Aim of the exercise:
In the data below, find the line containing "The Ironstar battleship"; transcribe it and each line after it exactly, through the last, skipping pictures.
======== Data excerpt ========
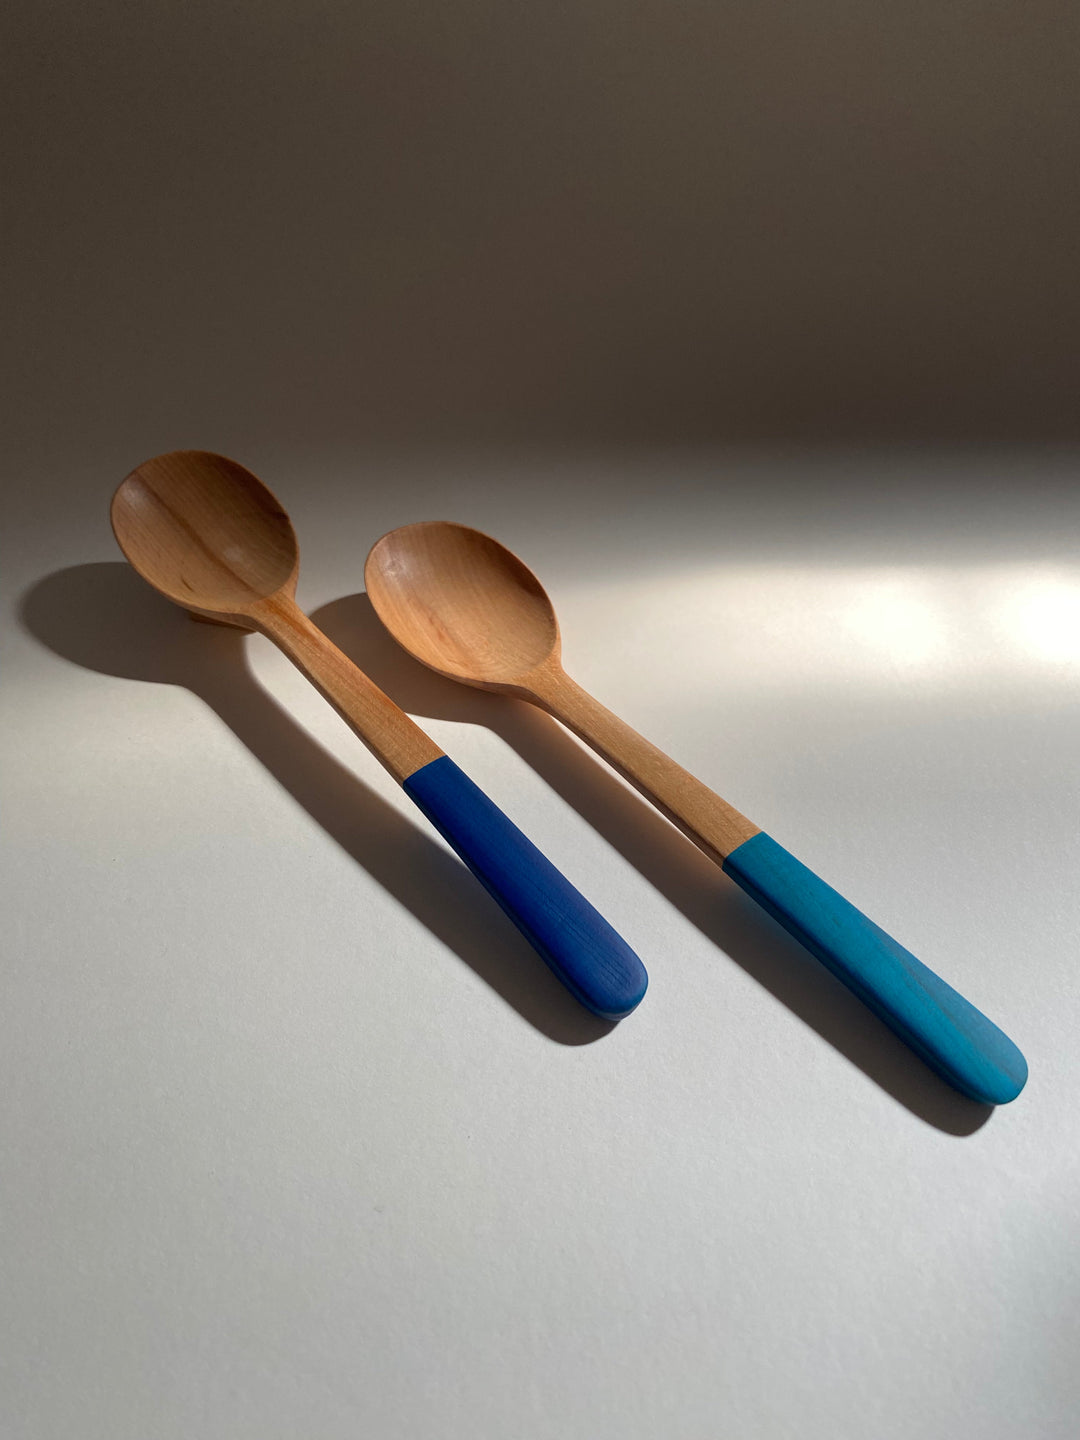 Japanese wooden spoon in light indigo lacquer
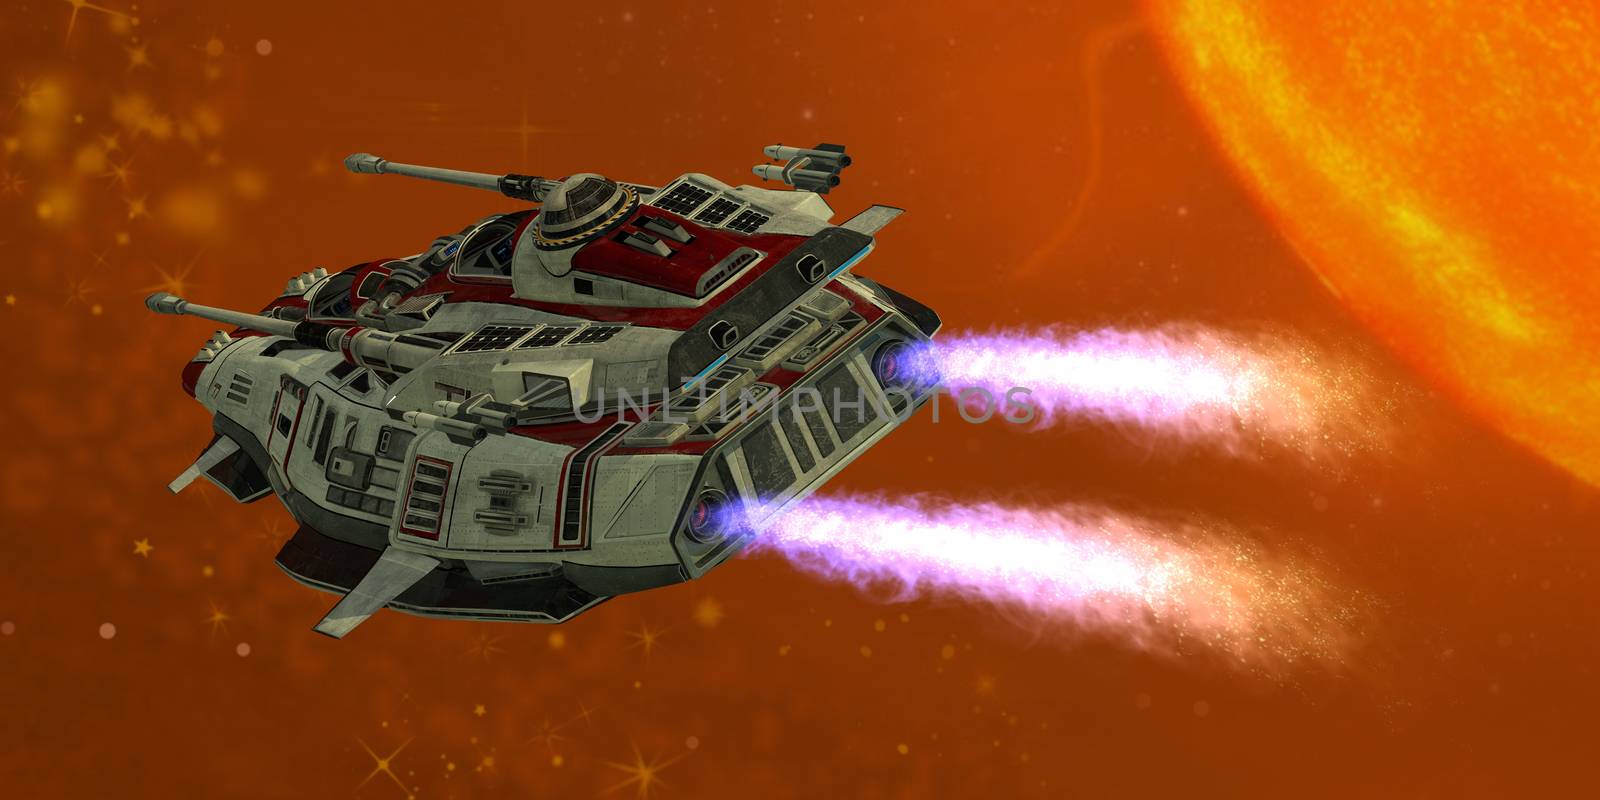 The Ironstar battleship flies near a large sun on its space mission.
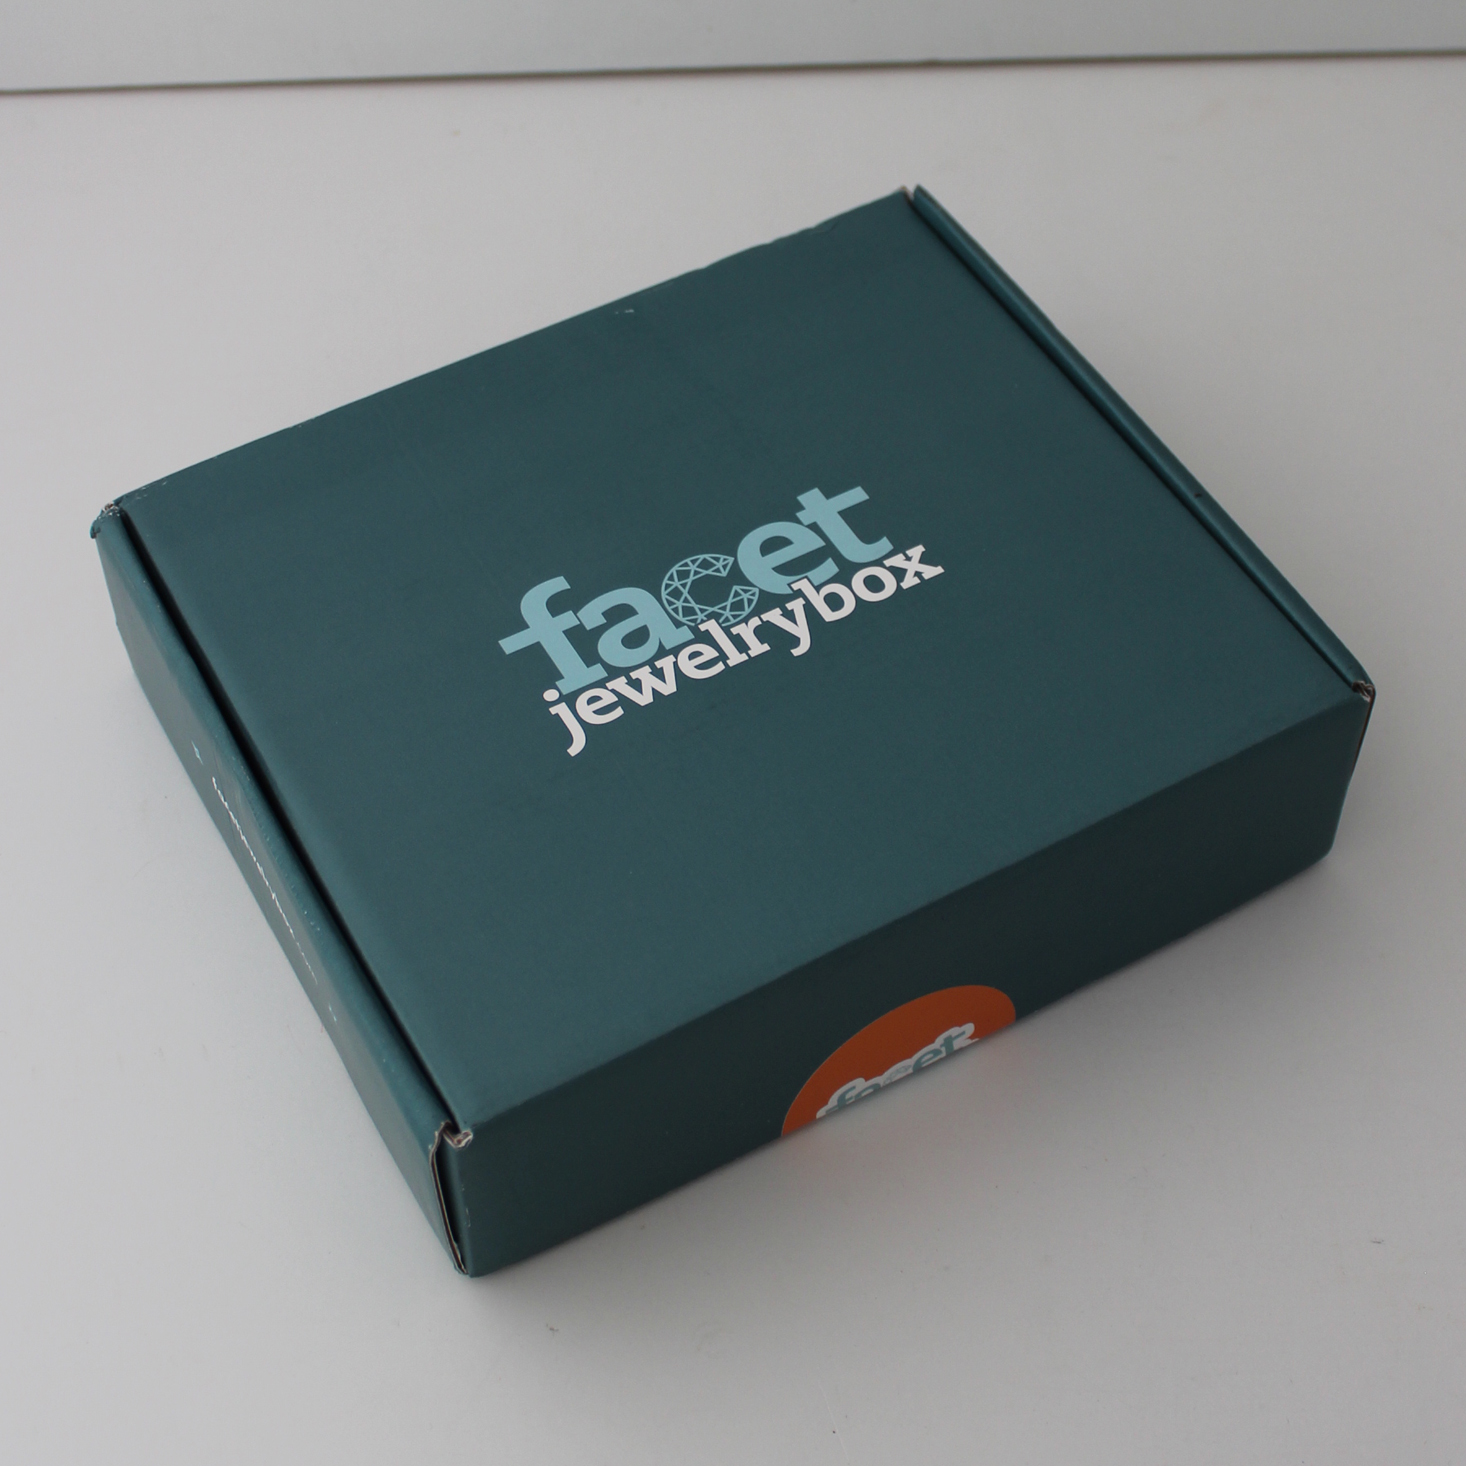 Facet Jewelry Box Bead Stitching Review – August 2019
========
Expected answer:
 The Ironstar battleship flies near a large sun on its space mission.
 Facet Jewelry Box Bead Stitching Review – August 2019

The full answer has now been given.